OF FAVAS AND QUEENS
Census takers need not fear. My fava beans are in full bloom, but not only am I out of good Chianti, liver is not my favorite dish. I plant favas for their blossoms, arguably the most beautiful ever to grace a pedestrian vetch–for vetch is the family to which food old Vicia fava belongs. Think silk organdy, picture hats, elbow length gloves and you get an idea of how supremely elegant these five-petalled white and true black flowers are. Just look at the Worth silk chemise pictured above and you will agree that the designers who fashioned it must have had a potager in which favas grew. Not that John Frederick Worth’ sons, Jean-Philippe and Gaston would have mentioned the source of their inspiration to the Marquise de Polignac, for whom they created the ethereal gown seen above. Favas might have seemed too proletarian. They were then and continue to be are the basis for ful medames, that most democratic of Middle Eastern concoctions. Try as one might, one cannot imagine the Marquise chomping on one of the staples of the average Egyptian’s diet, though by the Second Empire many Parisians must have heard of the exotic tidibits Napoleon’s troops tasted in Egypt.

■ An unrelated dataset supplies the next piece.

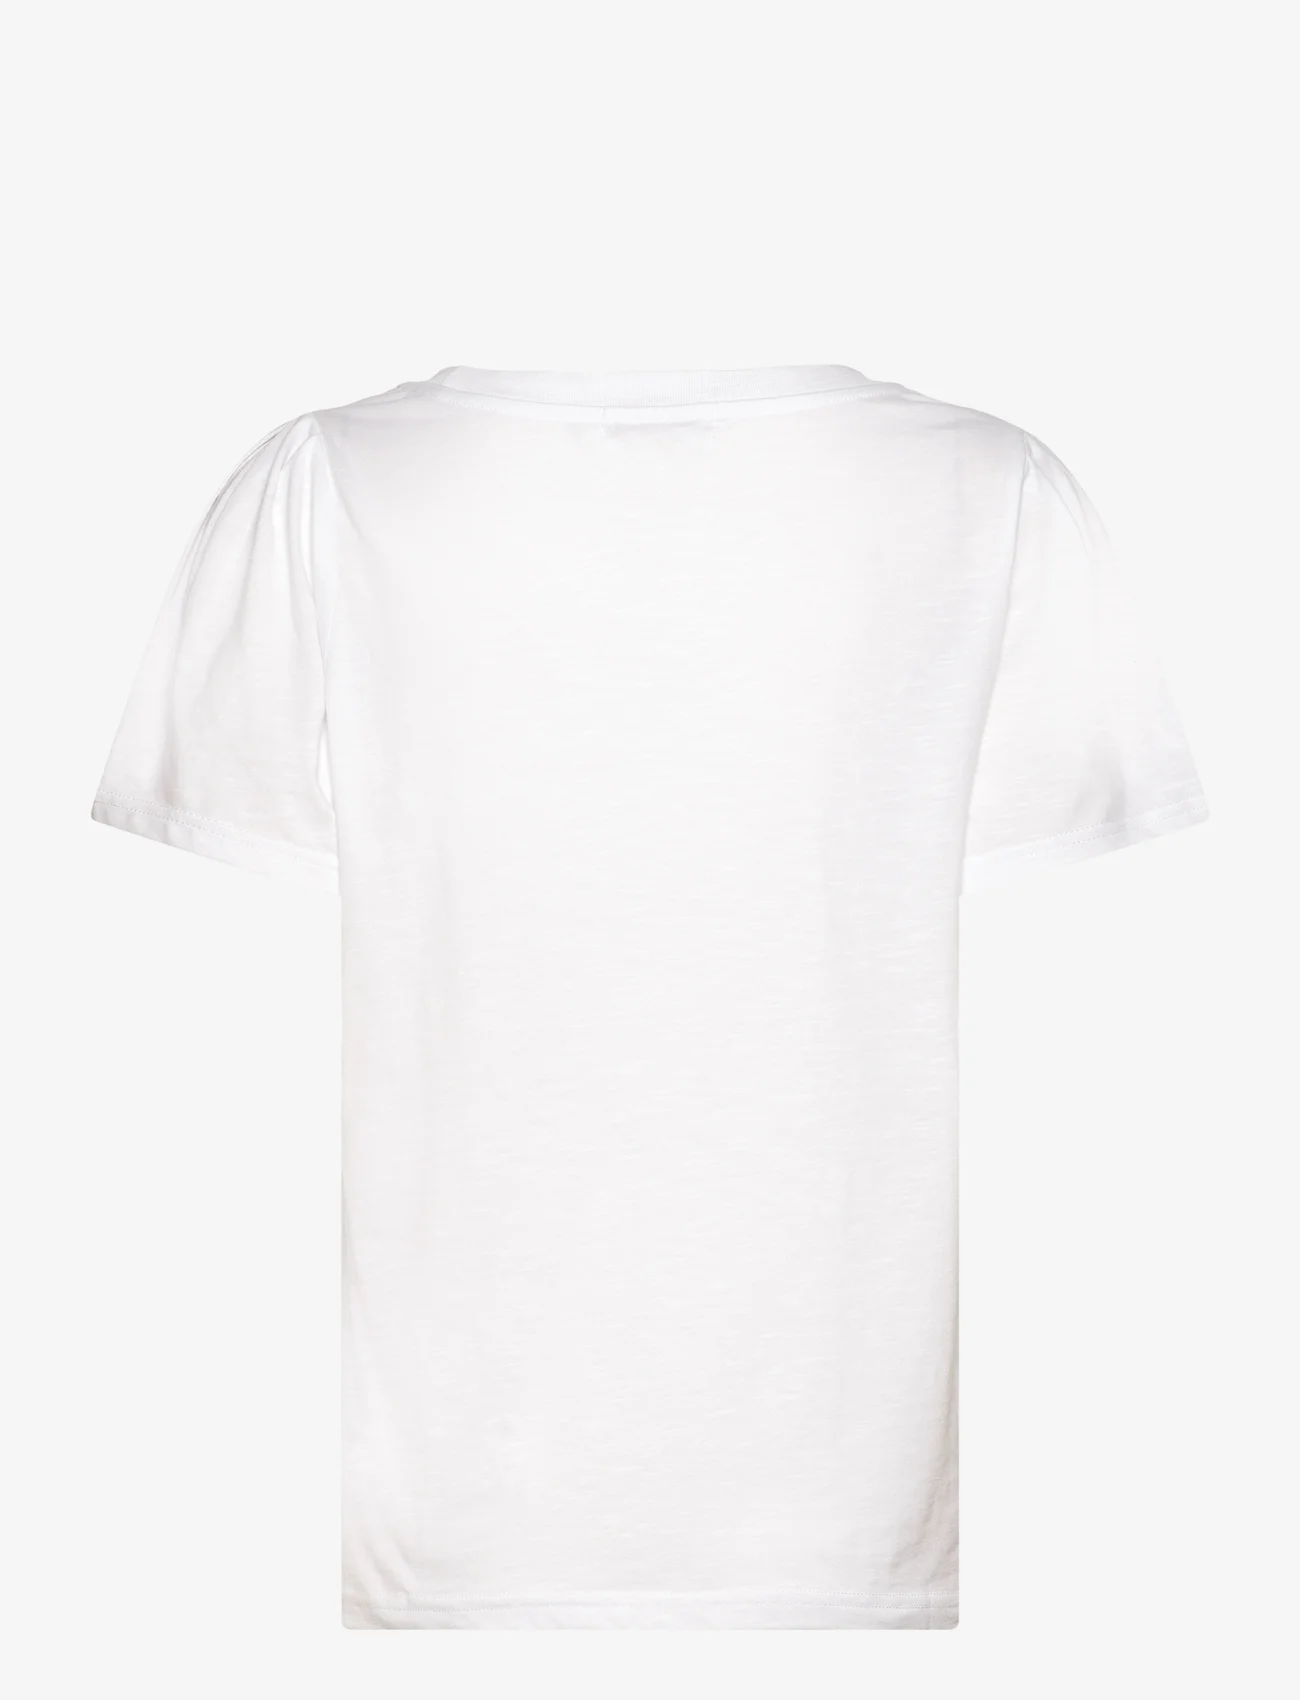 Coster Copenhagen - T-shirt with pleats - die niedrigsten preise - white - 1
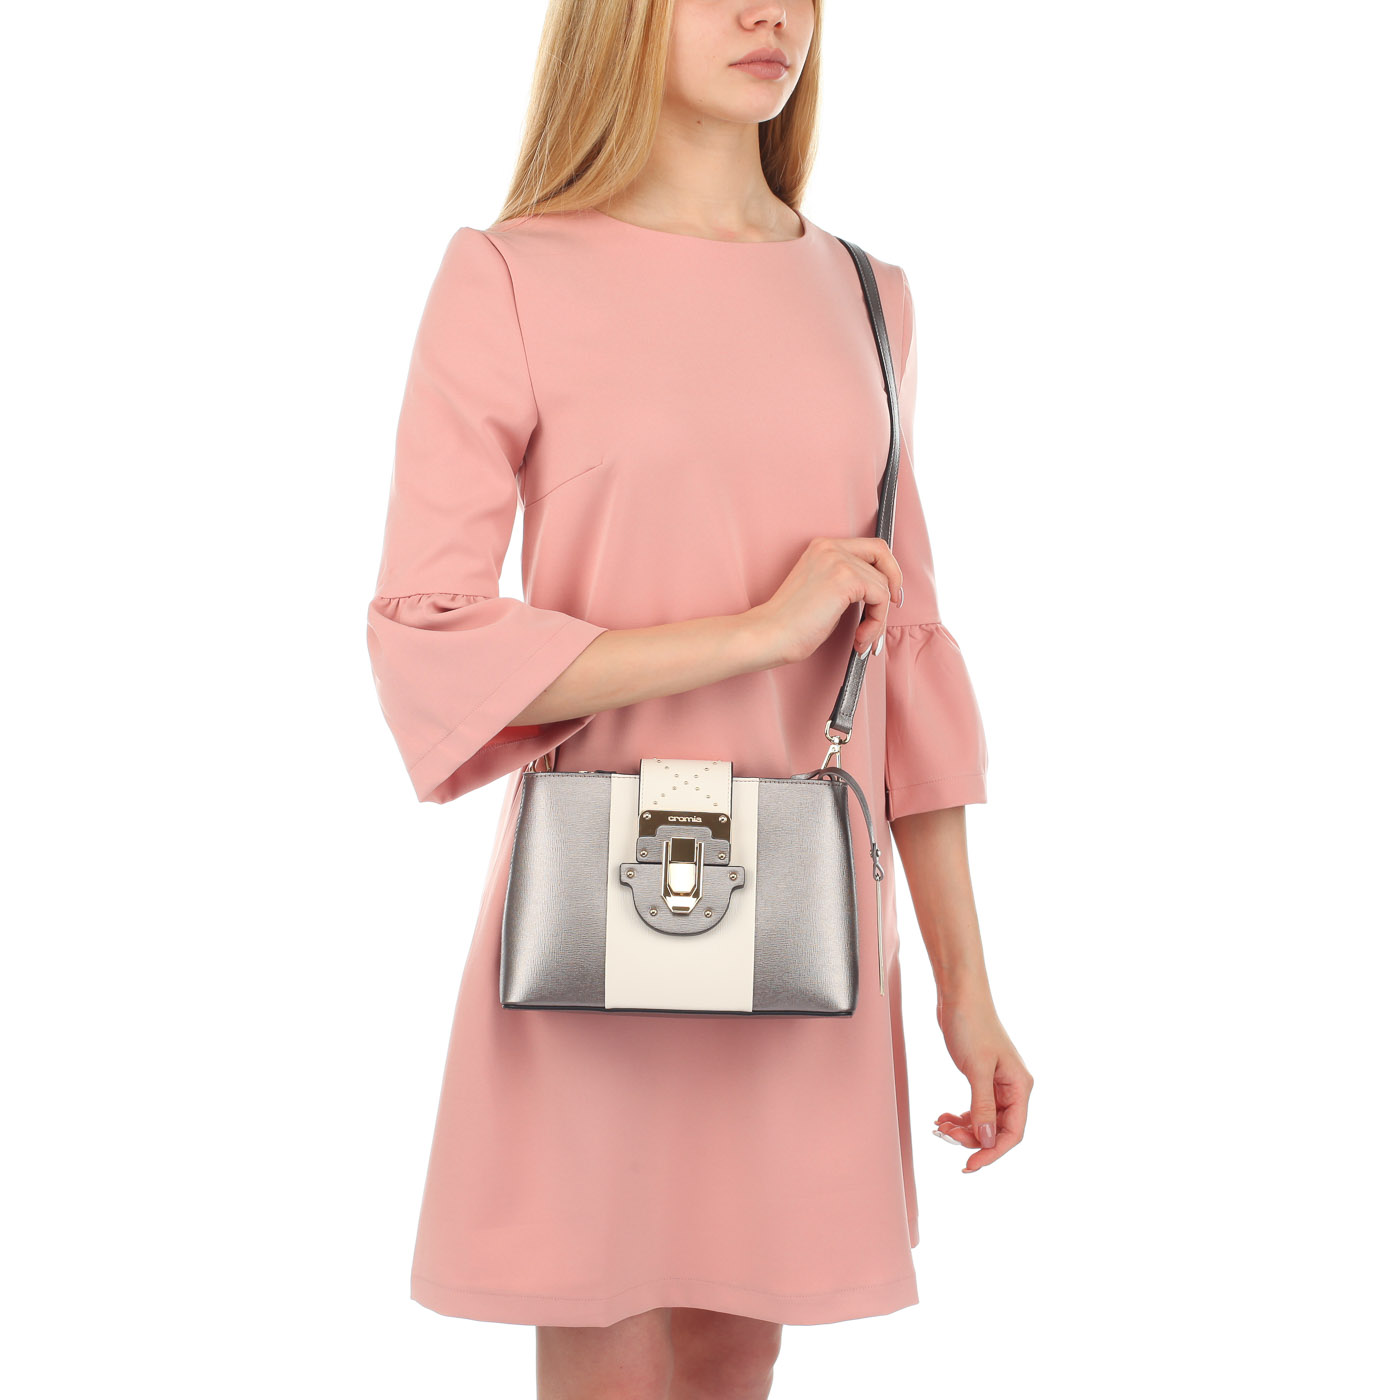 Женская сумочка со съемным ремешком Cromia Melania

Egypt may well be the home of favas. We know that the humble vetch became part of Mediterranean diet around 6 000 BCE. For all we know, Cleopatra feasted on ful medames– cooked fava beans seasoned with oil, garlic, lemon, salt and cumin. We also know that Cleopatra was an elegant woman whose family tree made most French aristocrat’s look like a weed. Eating fava beans is a gastronomic a way of absorbing the strength of peasants without whose hard work the elegance of Egyptian and French courts would not have flourished. After all, gardeners are part peasant and part aristocrats, part food growers, part dreamers, part artists. They may be forgiven if they think of antique Egyptian trinkets–little alabaster makeup boxes, turquoise bracelets, carnelian necklaces–when they look at fava blossoms. If they place a drop of Worth’s Je Reviens behind their ears prior to weeding the fava beds think not of it as extravagance. Hel Marts, the great equalisers, puts it within reach of the working classes. At the New York Metropolitan Museum all and sundry can see House of Worth gowns. John Frederick, a Lincolnshire lad of the people , would approve.